Of this amount, TSh 11.7 trillion is allocated for development projects. The minister said the development plan focuses on attaining 7.1% growth of Gross Domestic Product (GDP) in 2019 compared to 7.0% in 2018. The budget also aims to maintain inflation at between 3% and 4.5% and increase national revenue collection to 13.1% of GDP in the 2019/20 fis­cal year from this year’s 12.1%.

According to the Minister, Tanzania cemented its middle-income status last year by raising its per capita Gross Domestic Product (GDP) to $1,090, and noted that a strong year for agriculture had kept inflation down at 3.5%, the lowest level in 40 years.

Dr Mpango said the government seeks to put emphasis on the establish­ment and development of industries, especially those exploiting domes­tically produced raw materials. He said the focus will be on development of industrial clusters, Tanzania Automobiles Manufacturing Company Ltd (TAMCO) in Kibaha, Coast region, hide industry in Dodoma and special investment zones in Bunda, Dodoma and Benjamin William Mkapa in Dar es Salaam.

The budget also includes plans to spend TSh 9.7 trillion to service the public debt, which reached over TSh 51 trillion as of April, up from 49.9 trillion a year earlier. The Minister of Finance and Planning, Dr Philip Mpango, assured MPs that the debt remains manageable, according to the recent assessment by the ministry. He added that the present value of external debt against GDP is 22%, well below the allowable maxi­mum of 55%.

The Minister attributed the debt increase to the new loans that the coun­try acquired for execution of various development projects. These pro­jects include construction of Terminal III at Julius Nyerere International Airport (JNIA), upgrading the central railway to standard gauge, implementation of power projects as well as construction of roads and major bridges.

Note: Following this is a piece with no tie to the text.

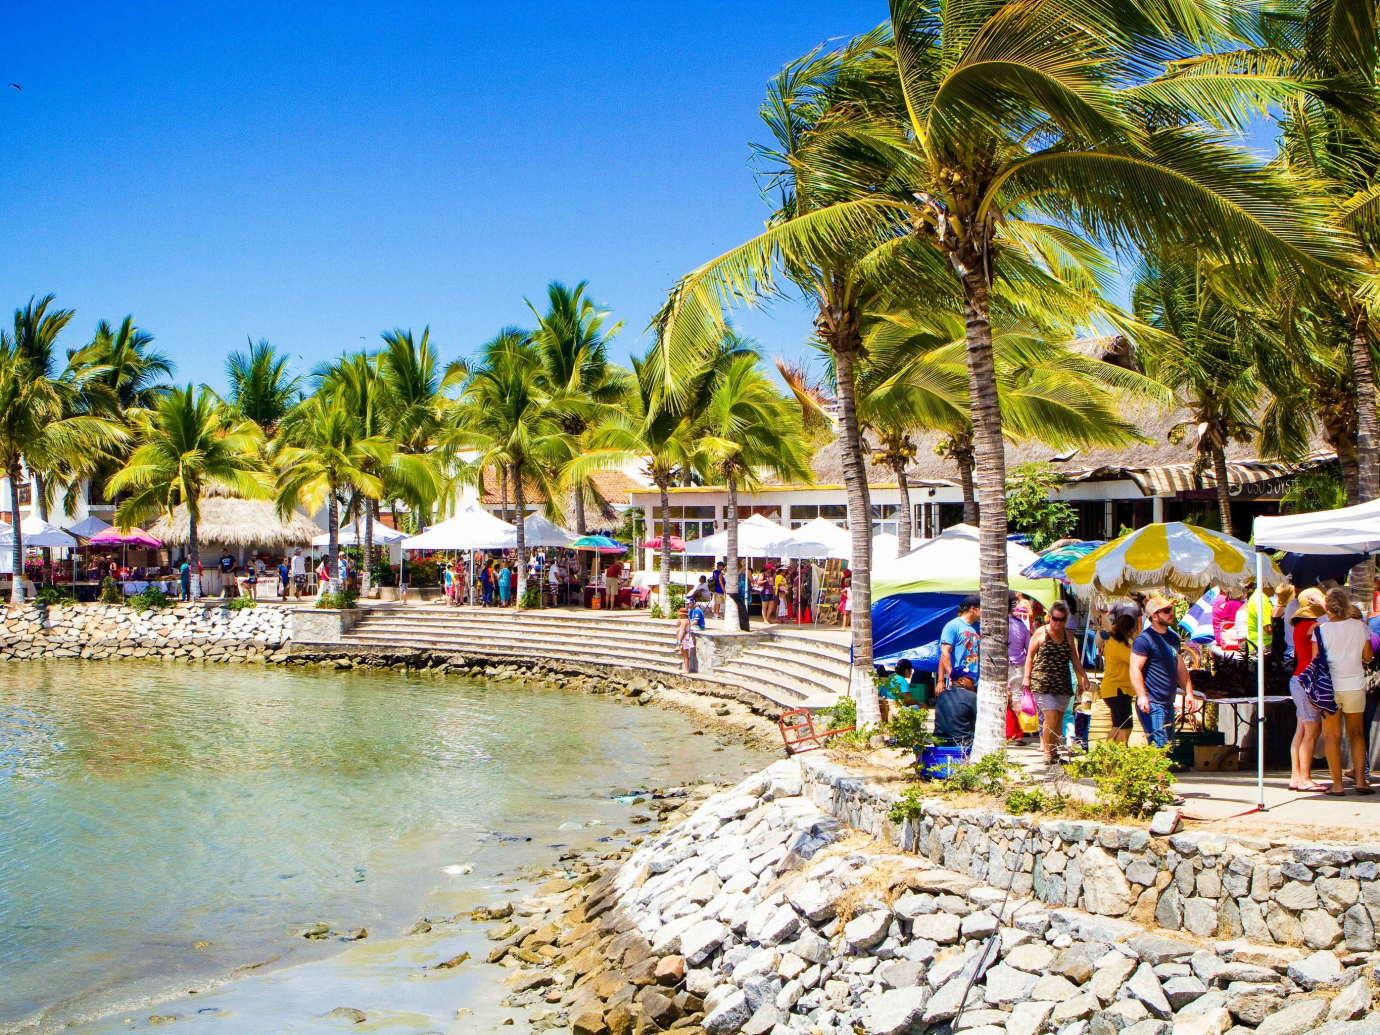 Lively area with tents and set up shops in Puerto Vallarta
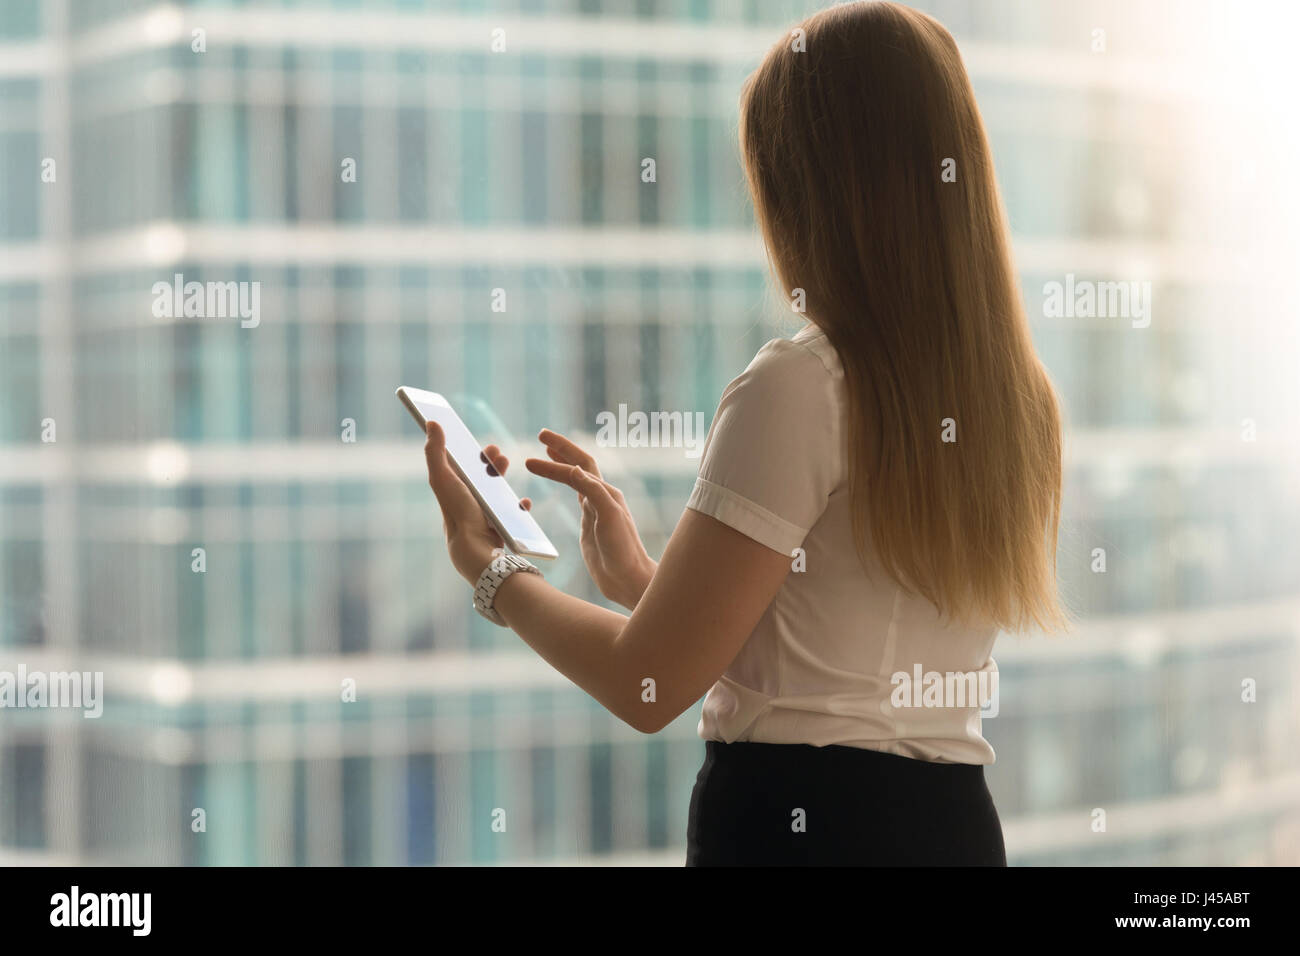 Woman back view swipe with finger on tablet screen Stock Photo

The Minister further announced that the country’s foreign reserve stood at US$ 4.4 billion, equivalent to 4.3 months of imports, as of April 2019. The amount exceeds the government target of four months’ worth of imports, according to Dr Mpango.

The budget also presented an opportunity for the government to refute claims by a section of MPs that business in the country was struggling due to poor business and investment climate. Dr Mpango and his Deputy Dr Ashatu Kijaji said the business environment in the country was superb and that more investors were willing to start businesses in Tanzania.

“Some MPs have been providing unrealistic statistics on business in the country, but the current statistics in the ministry show that businesses which are being shut are 16,252 while new businesses that are estab­lished are 147,817,” said Dr Kijaji. According to her, closing business was a normal practice worldwide and that some of the reasons for that were change of business, failure to compete with others, huge debts and accumulated taxes, among others.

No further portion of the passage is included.